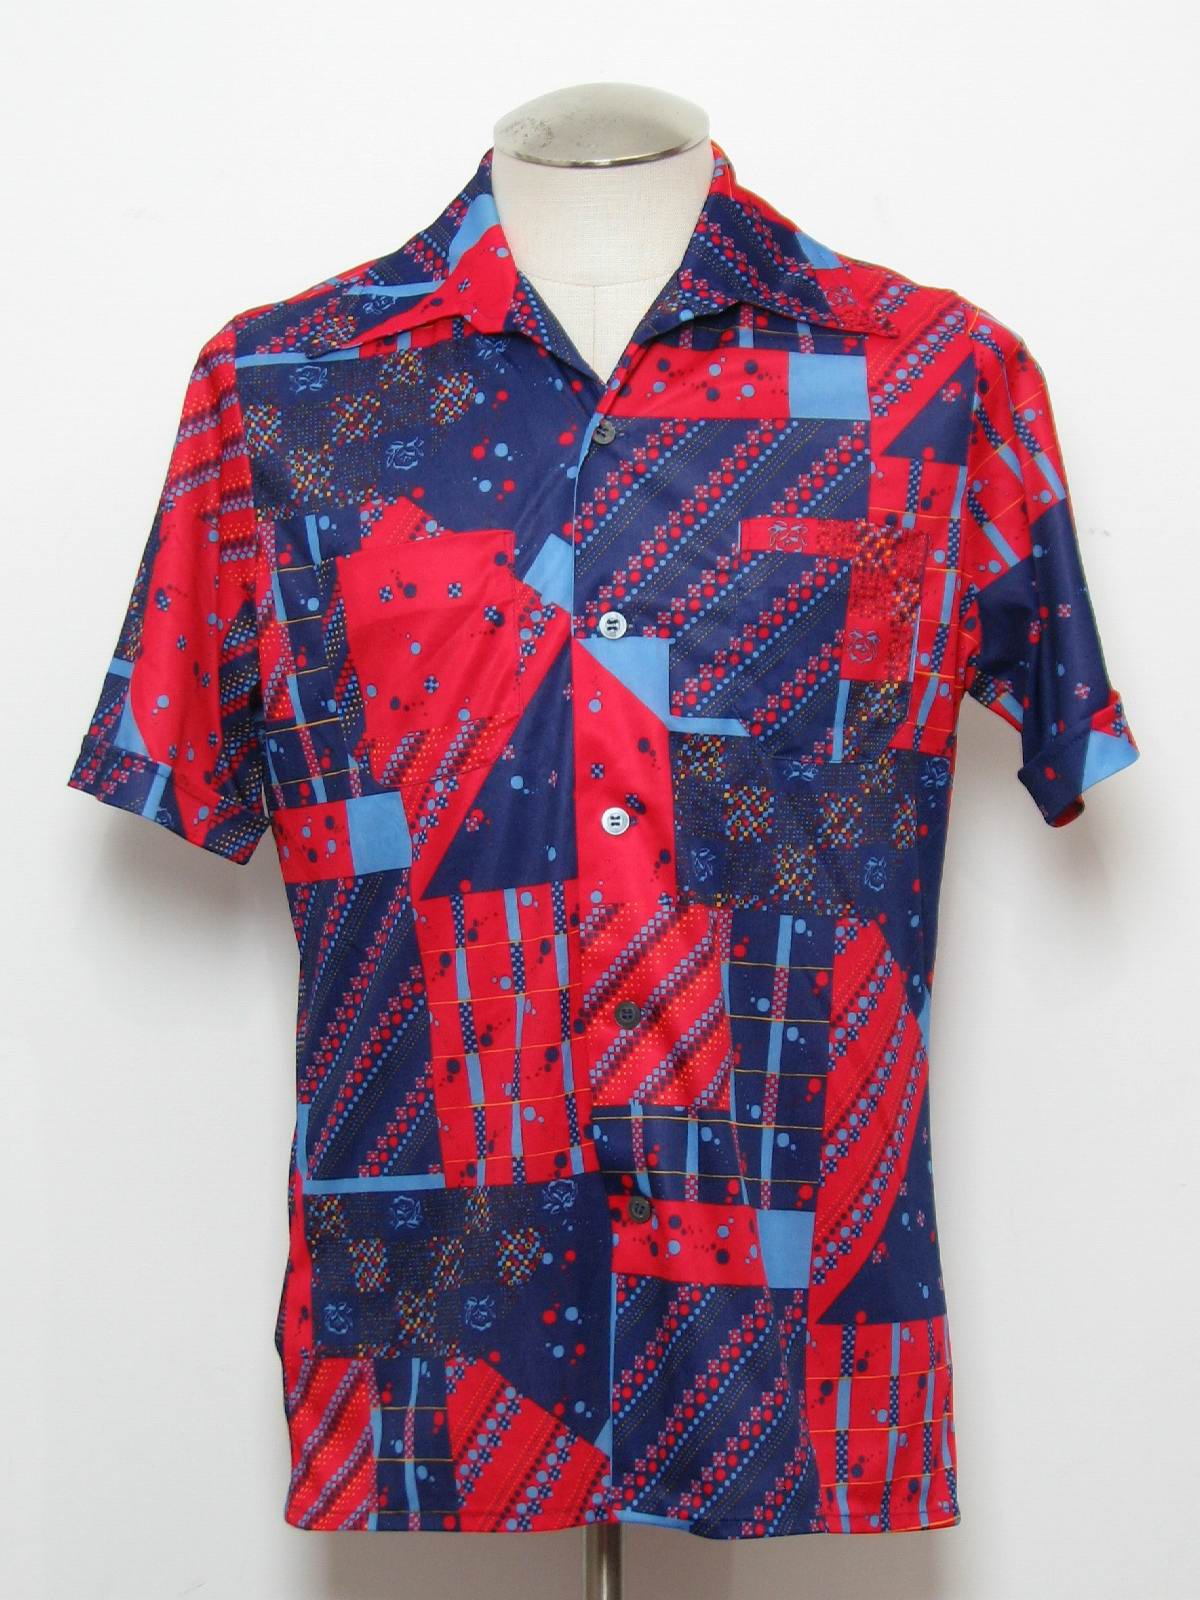 Retro 70s Print Disco Shirt (Home Sewn) : 70s -Home Sewn- Mens red ...
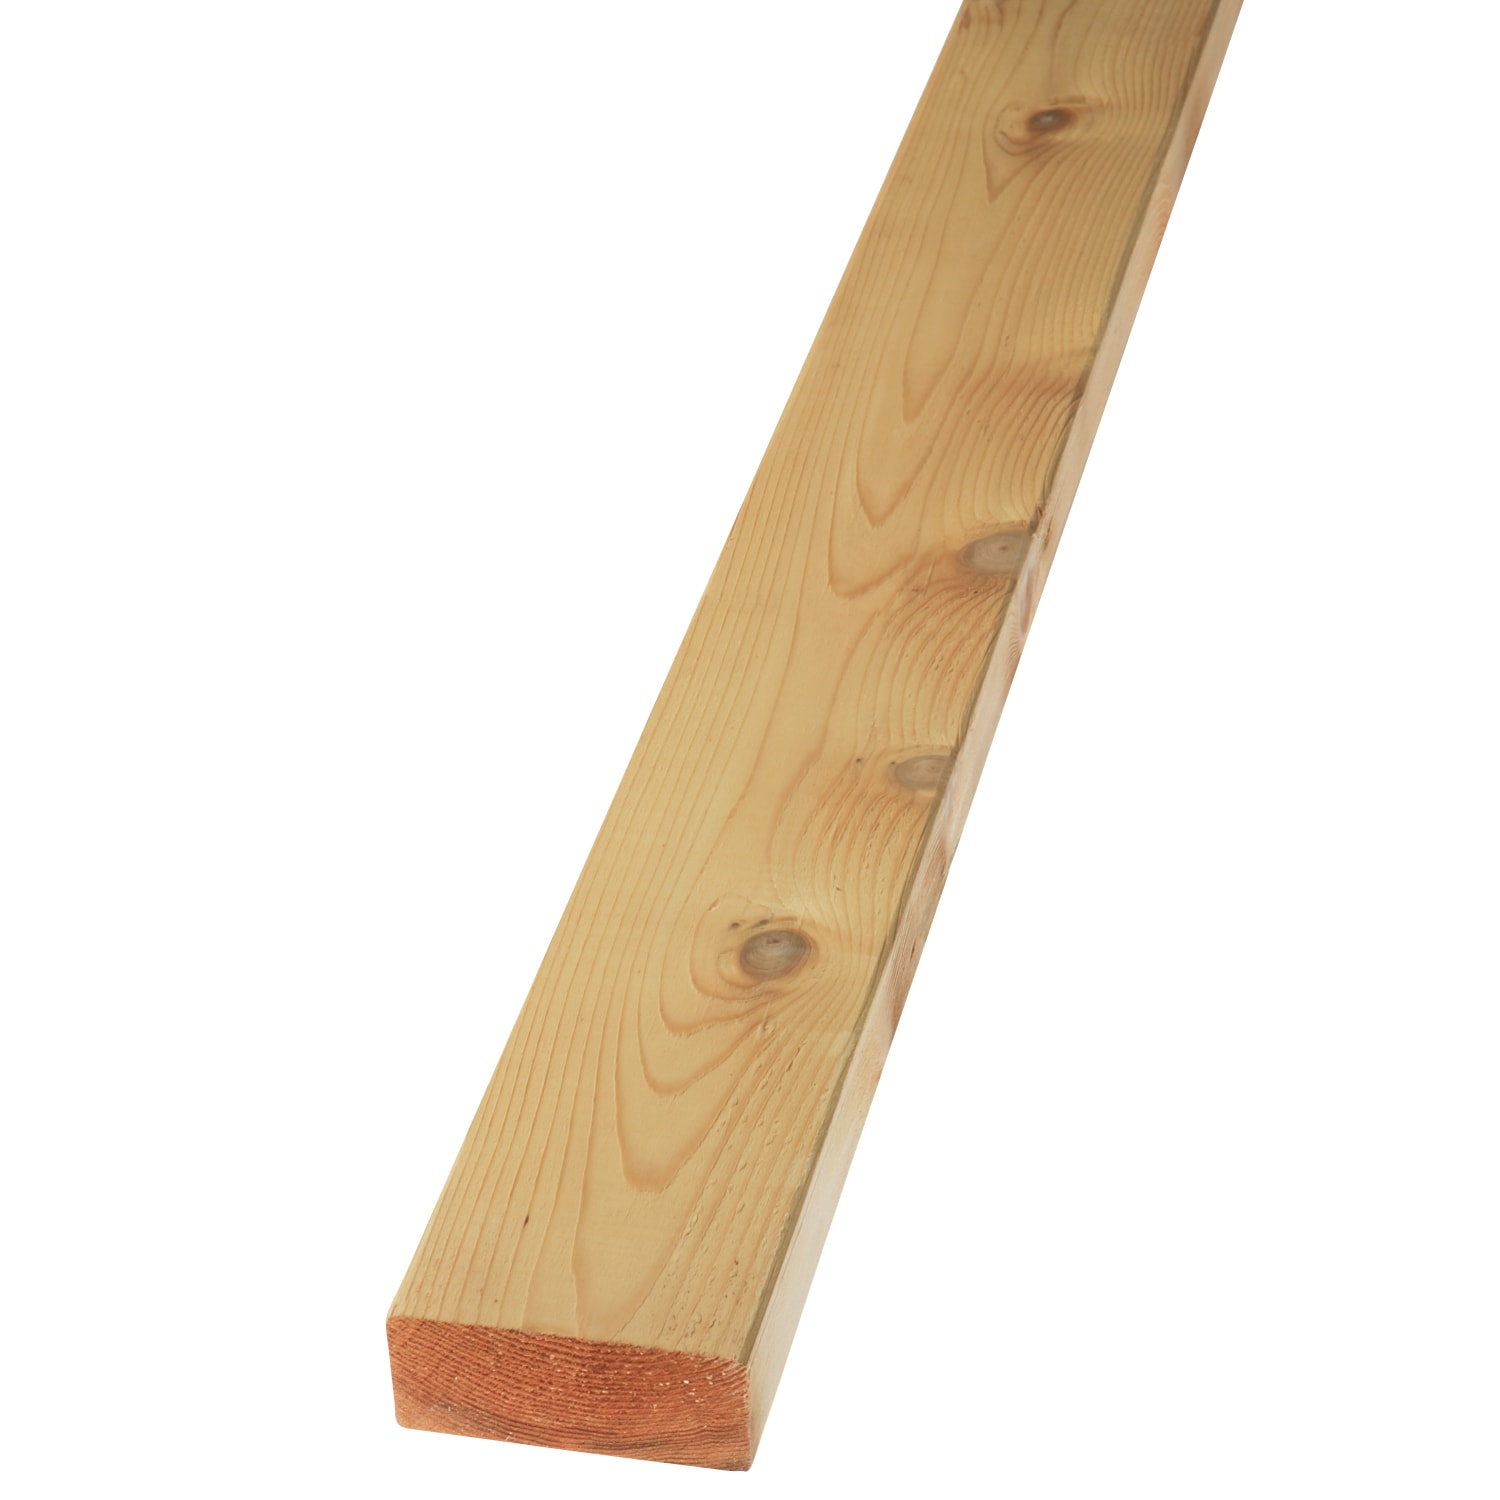 2 4 8 Rough Cedar Grn Lumber In The Dimensional Lumber Department At Lowes Com
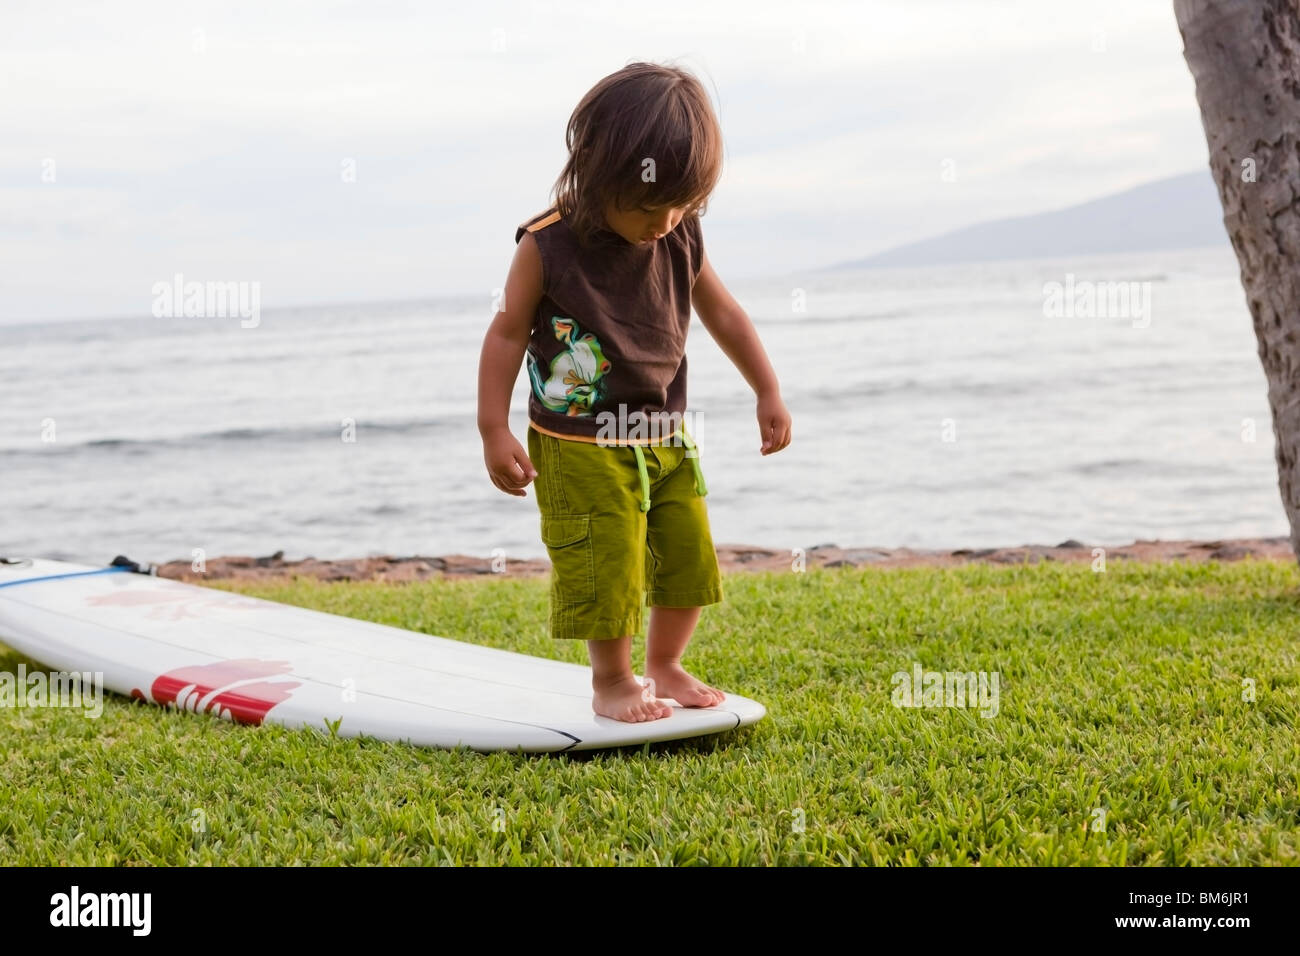 young boy ,hang ten surfboard Stock Photo - Alamy

# # # # #

What needs to be done:
When you reproduce the material, keep every word exact and leave each picture out.

Exercise result:
 Retro 70s Print Disco Shirt (Home Sewn) : 70s -Home Sewn- Mens red ...
 2 4 8 Rough Cedar Grn Lumber In The Dimensional Lumber Department At Lowes Com
 young boy ,hang ten surfboard Stock Photo - Alamy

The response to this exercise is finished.